Приятно, когда твои стихи кому-нибудь нравятся. Я уже всех замучил своей поэтической тетрадкой. Вот, даже песню написал: «Лето проходит…» А впрочем, я не пишу о своей жизни. Мне нет резона показывать всем ее незначительность и глупость. Вообще-то, и мысли тоже не следовало бы записывать. Да, я – тип с несложившимся мировоззрением.

* * *

Ко всеобщей радости, империя, «о необходимости которой так долго говорили», треснула и разошлась по швам, и в небо взметнулся черный флаг анархии и беспорядка. Пожалуй, скоро поэты начнут менять свои стихи на ножи… Нет, не знаю, что творится с этой страной. Она наливается кровавым соком, гниет, словно сорвавшееся с ветки яблоко, спелое, но треснувшее, ударившись о холодную землю. Я чувствую запах спирта, и даже его приторный вкус во рту. Но я – никто, простая песчинка на размокшей проселочной дороге; слышу, как из-за горизонта катится полуразвалившийся тарантас и через несколько глотков свежего воздуха он втрамбует меня еще глубже в колею, еще сильнее… Однако, я бы не хотел начинать ни с бессмысленного пессимизма, ни с глупого оптимизма, ни с никчемного спокойствия и ничем не оправданного равновесия.

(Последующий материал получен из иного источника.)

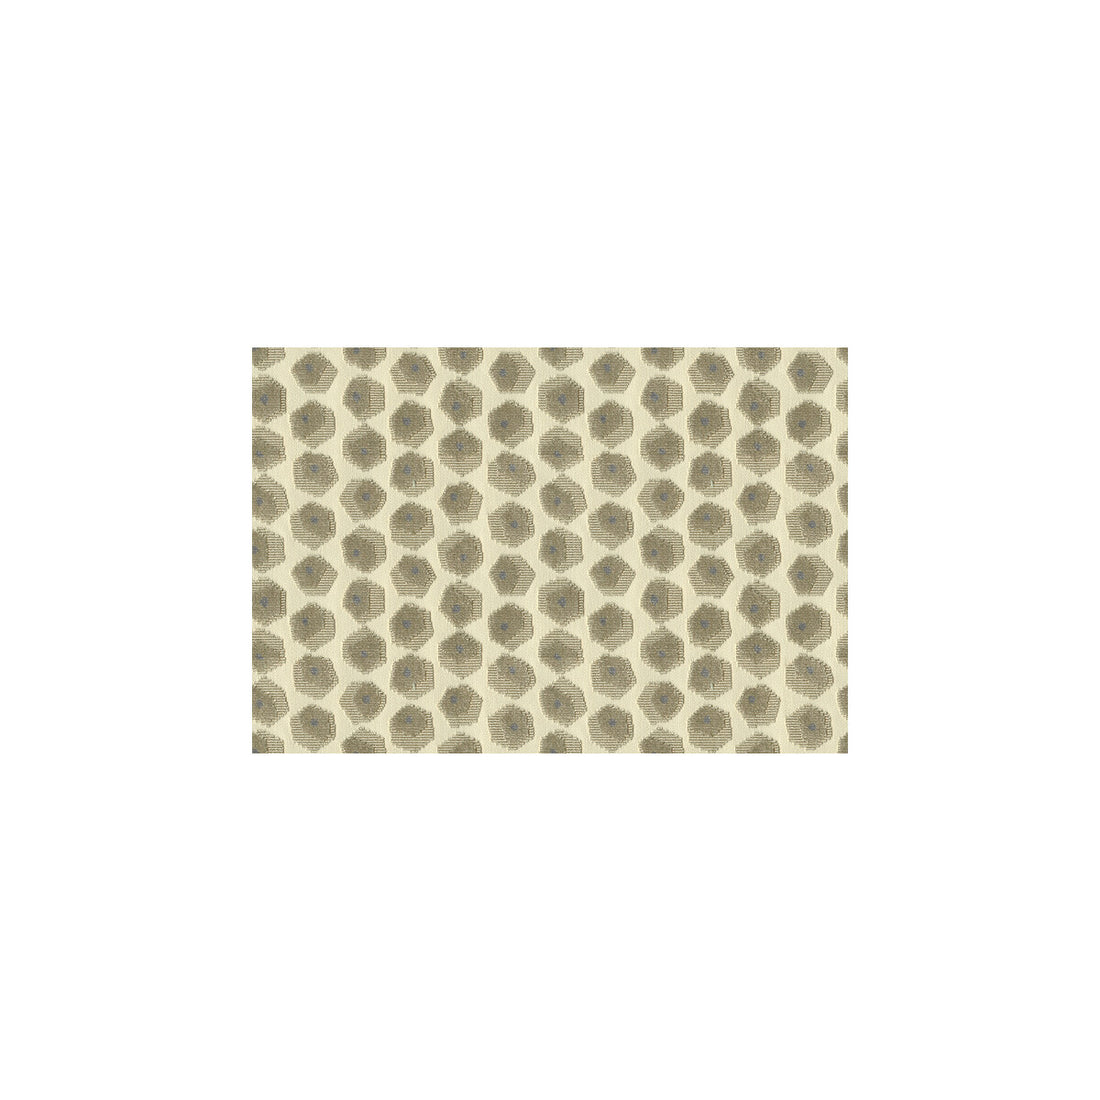 Gem Velvet fabric in beige color - pattern GWF-3036.16.0 - by Lee Jofa Modern in the Ventana Weaves collection

Я начинаю путь, как мне начинается…

* * *

Литература – то прибежище, где будет все, но ничего нельзя будет потрогать руками.

* * *

Кому они нужны – пропитые одинокие поэты, задавленные нищетой и горечью, не нашедшие приюта в ответной любви, мечущиеся от стены к стене в пустой и грязно комнате с облезлым столом и продавленной кроватью? Наверное, никому… Кроме Бога. Непризнанные, но непокоренные…

* * *

Все мои литературные изыскания нельзя назвать «великой целью» и тем более назвать их гениальными, ибо гением человек может быть только после своей смерти… а я живу покамест.

* * *

Черный коридор, в конце которого горит яркий свет… говорят, что так уходит в небо душа… Не знаю, не проверял.

* * *

В душе полный кавардак, словно в ней черти устроили повальный обыск и все перевернули вверх дном – мне страшно думать об этом человеке, но не думать не могу, – мне кажется. Что надо мной сверкнула яркая молния. И даже закрыв глаза, я ясно вижу ее ломаные очертания и чувствую ее ослепительность и… мгновенность.

* * *

Что ж, если есть мост, то по нему нужно идти. Даже если он ведет в никуда, то я мечтаю хоть раз увидеть ничто.

* * *

Человек воистину нелеп тогда, когда боится признаться в своей нелепости. Мудрец – это дурак, осознавший, что он – дурак.

* * *

Какой чистый снег за окном! Я чувствую его ровное размеренное дыхание – уже полночь, и снег таинственно серебрится под печальным сиреневым лунным светом – луна медленно плывет в чернилах зимнего неба. Мне не хватает тонкой мягкой кисточки, чтобы, обмакнув ее, нарисовать гравюру самого чистого, времени года. Снег скрипит под ногами запоздалого прохожего, и за ним след в след поспешает рождественский праздник – вновь яркими огнями озарится веселая подвыпившая улица, зазвенят частушки и песни, и всю ночь до утра будет веселиться народ, будет визжать гармоника и литься вино. В новогоднем вальсе закружатся хрустальные снежинки и, задевая друг дружку, будут звенеть и переливаться радужными искорками под закопченным фонарем. Они будут падать мне на шапку, на воротник, такие кристально-чистые и беззащитные, – достаточно лишь одного теплого вздоха, чтобы тонкие ювелирные грани стали обыкновенной каплей, которая тут же застынет, зацепившись за мех шубы. Они, как люди, – и мне кажется, что внутри каждой снежинки бьется ледяное сердечко, стучит, стучит, как Буре-часы – и время тает… И каждая снежинка – это всего-навсего секунда, даже доля этой секунды. Я смотрю вокруг. Господи! Как много застывшего в снеге времени! Его хватит на всех, его будет слишком много для меня, хотя… Рано или поздно придет весна, и все растает, исчезнет, станет белым прозрачным облаком, что поплывет над бескрайней русской равниной, оставляя загадочную тень на ветках берез, очнувшихся от зимнего сна; в журчании первых весенних ручейков, в черных лысинах лесных прогалин и на тусклом насте хлебных полей.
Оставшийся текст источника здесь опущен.